OBR, at the request of its grassroots activists, has gathered a plethora of women’s groups across the globe to support Afghan women from near and afar. Their on-line global action began on September 1st, launching efforts for Afghan women throughout the next month.

The similarity, not the sameness, allows for a huge global camaraderie and solidarity. It is this very visioning/imagining that is so dangerous to patriarchal control and misogynist privilege: if I see some version of myself when I see you, I am so much less likely to Otherize you, colonize you, not see you.

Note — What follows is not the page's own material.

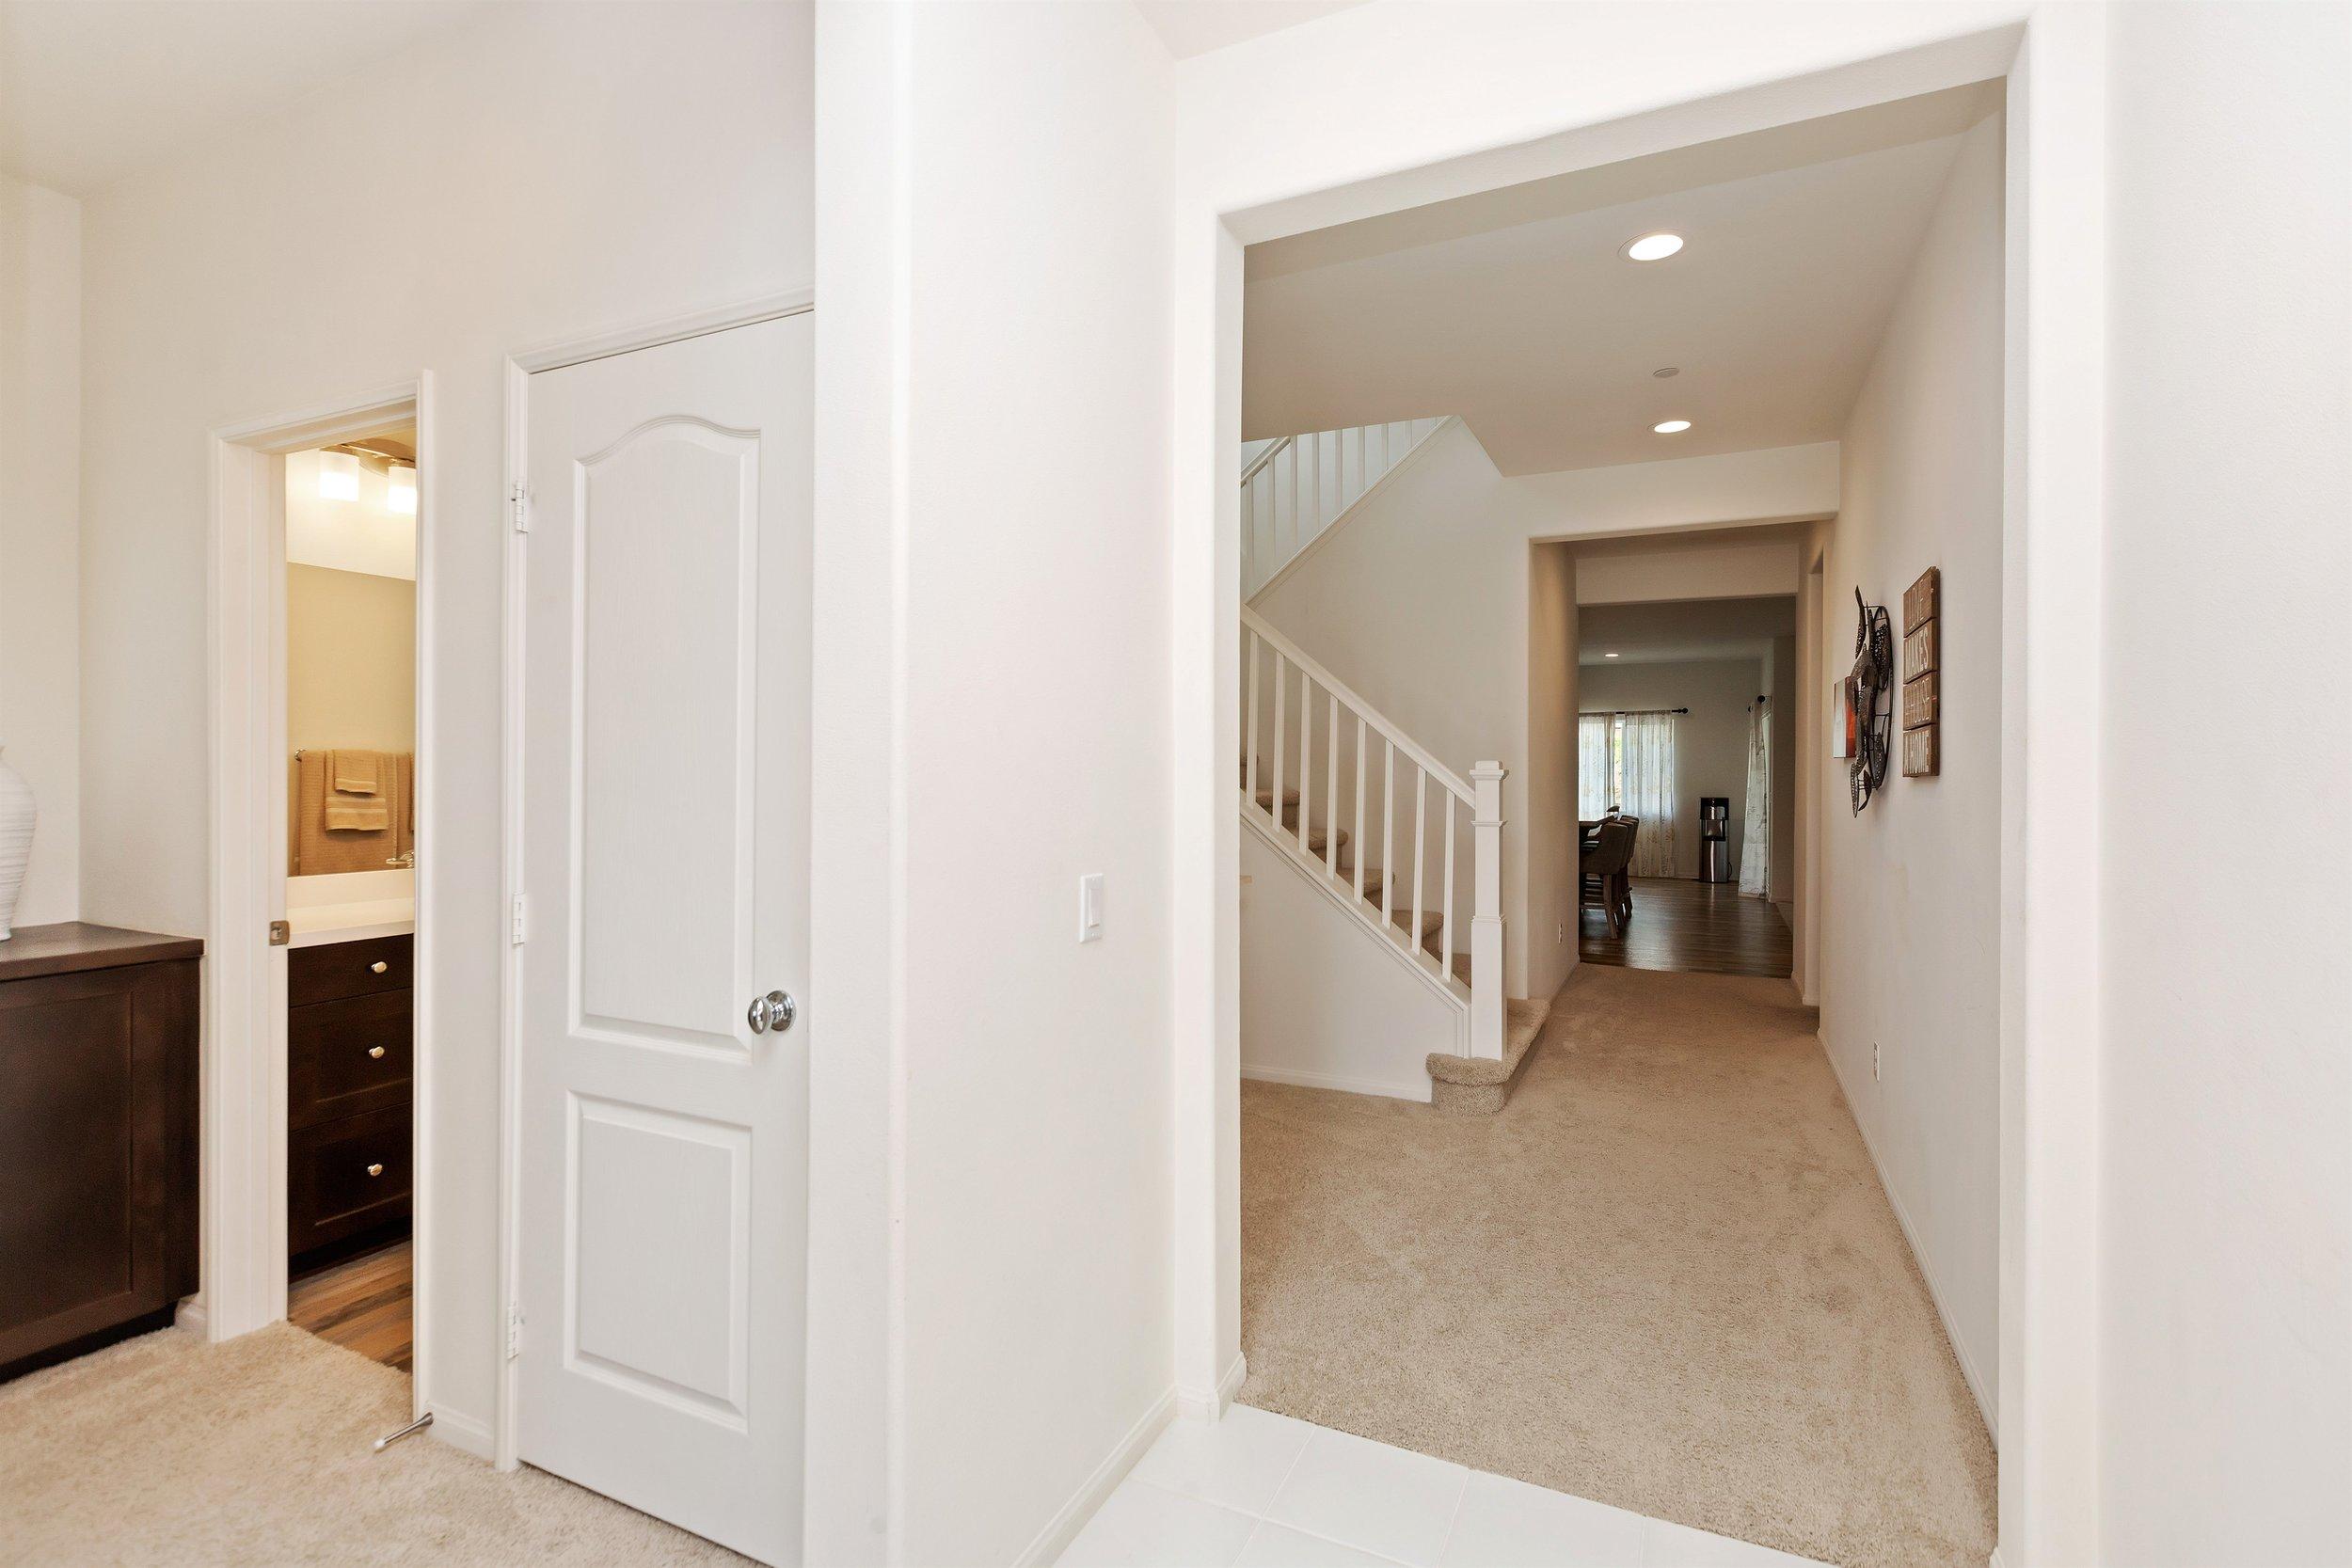 007_Hallway.jpg

Seeing each other through the power filters of oppression and its racist practices is a first step at coalescing the power of women—bi, trans, non-binary, cis—as women, sharing the oppression of being born female. Acting with and for Afghan women creates the very practice we need to change the lives of all women, each of us, even our own.  It is an act of solidarity for the planet.

Don’t think about camaraderie as though it is about someone else.  Make it about yourself and your connection to others. Create the solidarity. Hope is not an idea; it is a practice. It is the very actions I/we take that give me hope.  If you are hopeless, you are not active enough. The love and connection I feel for those I share with, take risks with, find what I am thinking with, is what fuels me.

Do not be stymied by thinking that you cannot make a difference or have impact. These questions cut off much of the possibility of making a difference.  Do what you do for yourself first—because you have to.  Don’t be an anti-racist wondering if it matters enough. What impact it can have?  Instead, do it because you must; because this makes you who you are and who you want to be, and who you will become.

When we/I act, I am in process of becoming the human I want to be. It is the process not of saying, but actually doing that begins to shift the power. Shifting is good; it is a start. Many starts make a difference. Many starts brought the civil rights movement. They brought #MeToo. Starts need to be recognized as partial and potentially revolutionary.

Do not confuse the feminist anti-Taliban stance with support for the US government and its policies towards Afghanistan. This stance connects to and condemns all sexual violence and harassment in whatever form and whose name practices it. Ours is a humanitarian stance demanding an end to all misogynist limitations on women’s and girls’ lives across the globe.

We are anti-imperial, anti-racist, anti-war, anti-misogynists committed to a peace everywhere that will save us and our planet from climate disaster and its misogynist racist wars.

 

First published at From the Square, the official blog of NYU Press.

Zillah Eisenstein is a noted feminist writer and has been Professor of Politics at Ithaca College. She is the author of numerous books, including “The Female Body and the Law” (UC Press, 1988), which won the Victoria Schuck Book Prize for the best book on women and politics; “Global Obscenities” (NYU Press, 1998) and, most recently, “Abolitionist Socialist Feminism” (Monthly Review Press, 2019).